Which brings me here: Easter Sunday in Key West. A place meant for rest, reflection, and release. And while I found stillness in moments, the broken shelf stayed in my peripheral vision. The unfinished assignments followed me like shadows. You can't outrun what lives in your mind. Eventually, it finds you.


But that day, I paused. I watched the waves and breathed deeply. I realized something I hadn’t before: it starts with me. I don’t need to fear the weight. I need to understand it. Learn from it. Grow because of it. I may never eliminate pressure, but I can reshape how I carry it. And for the first time, I’m not running.
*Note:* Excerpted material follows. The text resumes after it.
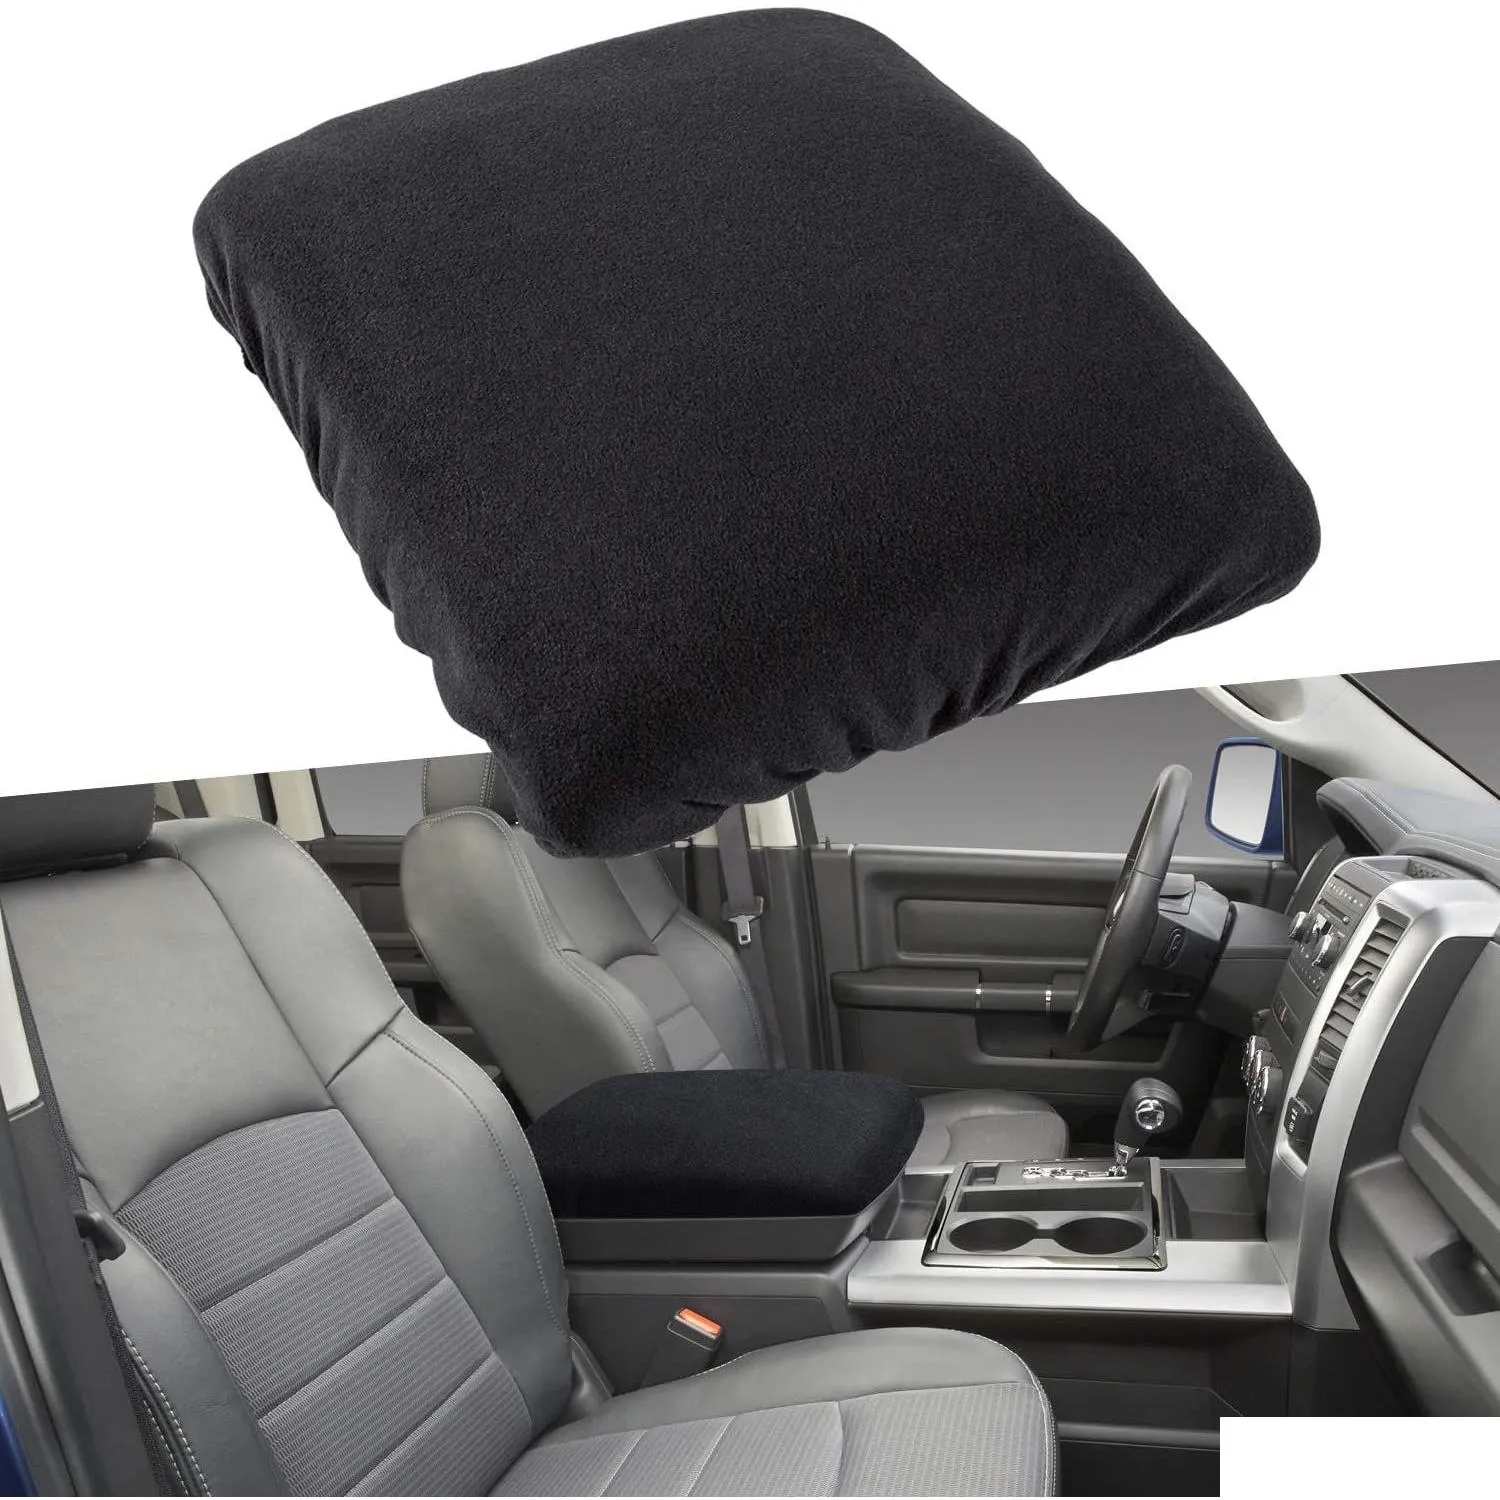 center console armrest pad cover for  ram 1500 2500 3500 4500 5500 pickup trucks 19932020 car armrest protector cushion all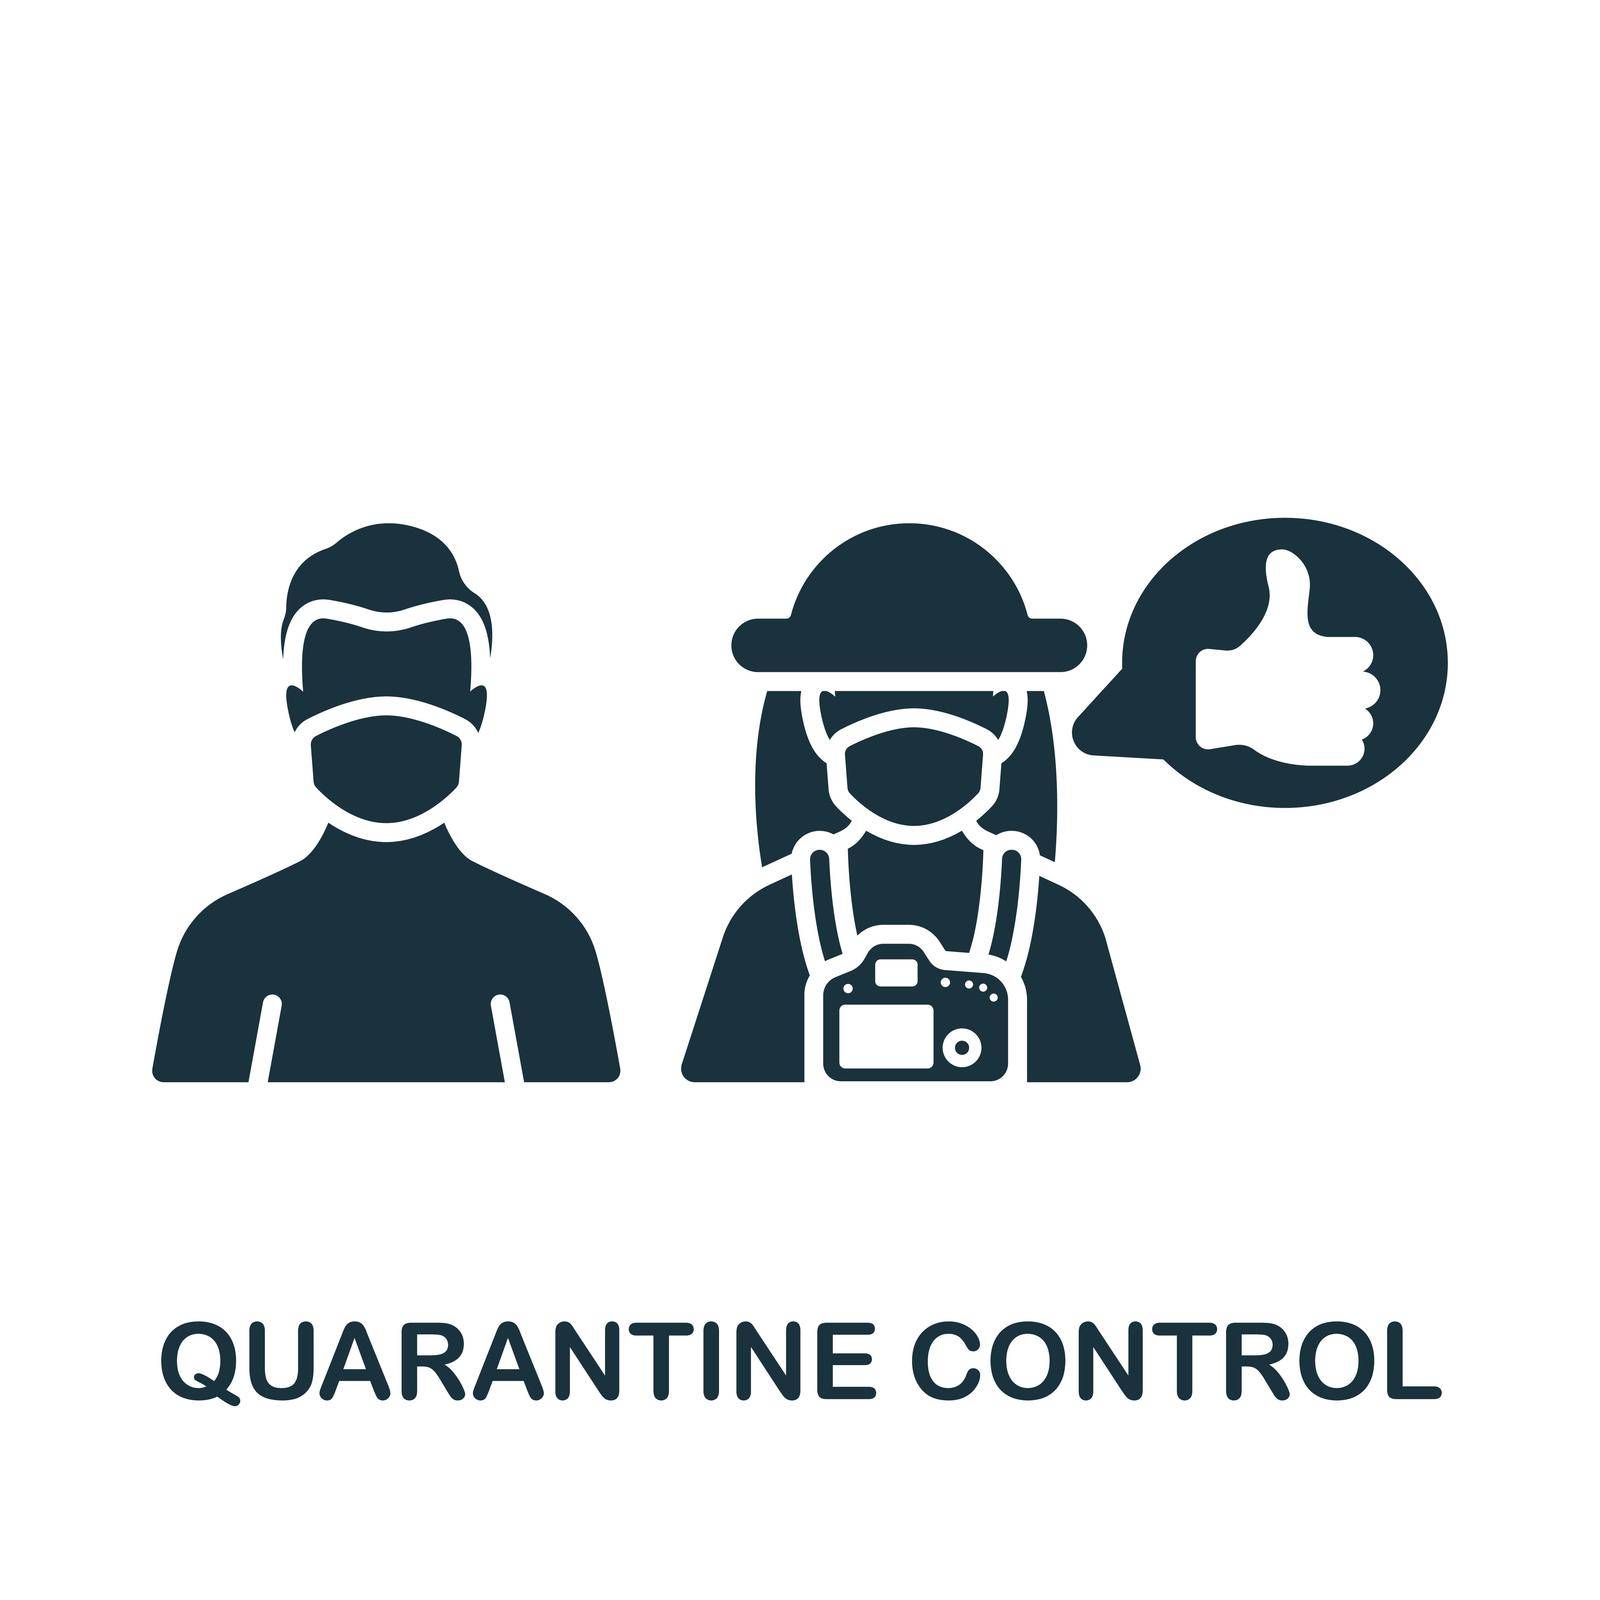 Quarantine Control icon. Simple line element quarantine symbol for templates, web design and infographics.

Feelings can be tricky to understand—especially in adolescence, when the brain is still learning how to process them. In those moments, the word “why” becomes heavier than any other. Why do I feel this way? Why can’t I focus? Why does pressure feel like fear? For me, these questions weren’t just emotional—they were neurological puzzles. Here is why I felt this way:


I felt Overwhelmed:


Why:Increased responsibilities, new social dynamics, and an abrupt change in educational demands (two AP classes).


The neurology behind it:

  • The prefrontal cortex—which manages making choices, organization, and impulse control—has limited capacity, particularly under prolonged stress.

  • The brain's threat detector, the amygdala, gets hyperactive when responsibilities pile up too quickly. Even if it's not dangerous, it perceives the amount of work and peer pressure as danger.

  • The hypothalamic-pituitary-adrenal (HPA) axis gets triggered, emitting cortisol (the stress hormone), which may damage memory, decrease focus, and reduce emotional regulation, making it more difficult to deal with stress or recover.


I felt Isolated:


Why:Being placed in a socially vibrant, productive setting when I naturally lean to private, independent work.


The neurology behind it:

  • The anterior cingulate cortex, which is bound to social pain and rejection-related activates equivalently to how it would if we were attacked physically.

  • Because of the insula, which monitors internal bodily states, also responds to social unease, I directly felt that stress. Additionally, the insula is in charge of self-awareness and thought processes.


I felt Pressure to Succeed:


Why:Being seen as outstanding (AP course recommendations), internalised goals, and fear of failure.


The neurology behind it:

  • Dopamine spikes from the anticipation of success, and is not just a boosting factor for achievements.

  • When being perfect seems like the only option that one has, the ventromedial prefrontal cortex (which helps weigh risks and rewards) can get taken over by perfectionistic thinking.

  • The amygdala gets activated due to the fear of failure which causes it to block motivation.

  • The brains DMN (Default Mode Network) starts to fuel anxiety, while blocking the calming reflex that it has.


I felt Resilient:


Why:The calm environment that Key West offered me gave me a relaxing place to reflect.


The neurology behind it:

  • Being in a peaceful setting calms the HPA axis, lowers cortisol, and decreases amygdala activity.

  • Now, the default mode network can process previous stress, identify trends, and help with comprehension.

  • The Hippocampus allows stress to be transformed into growth.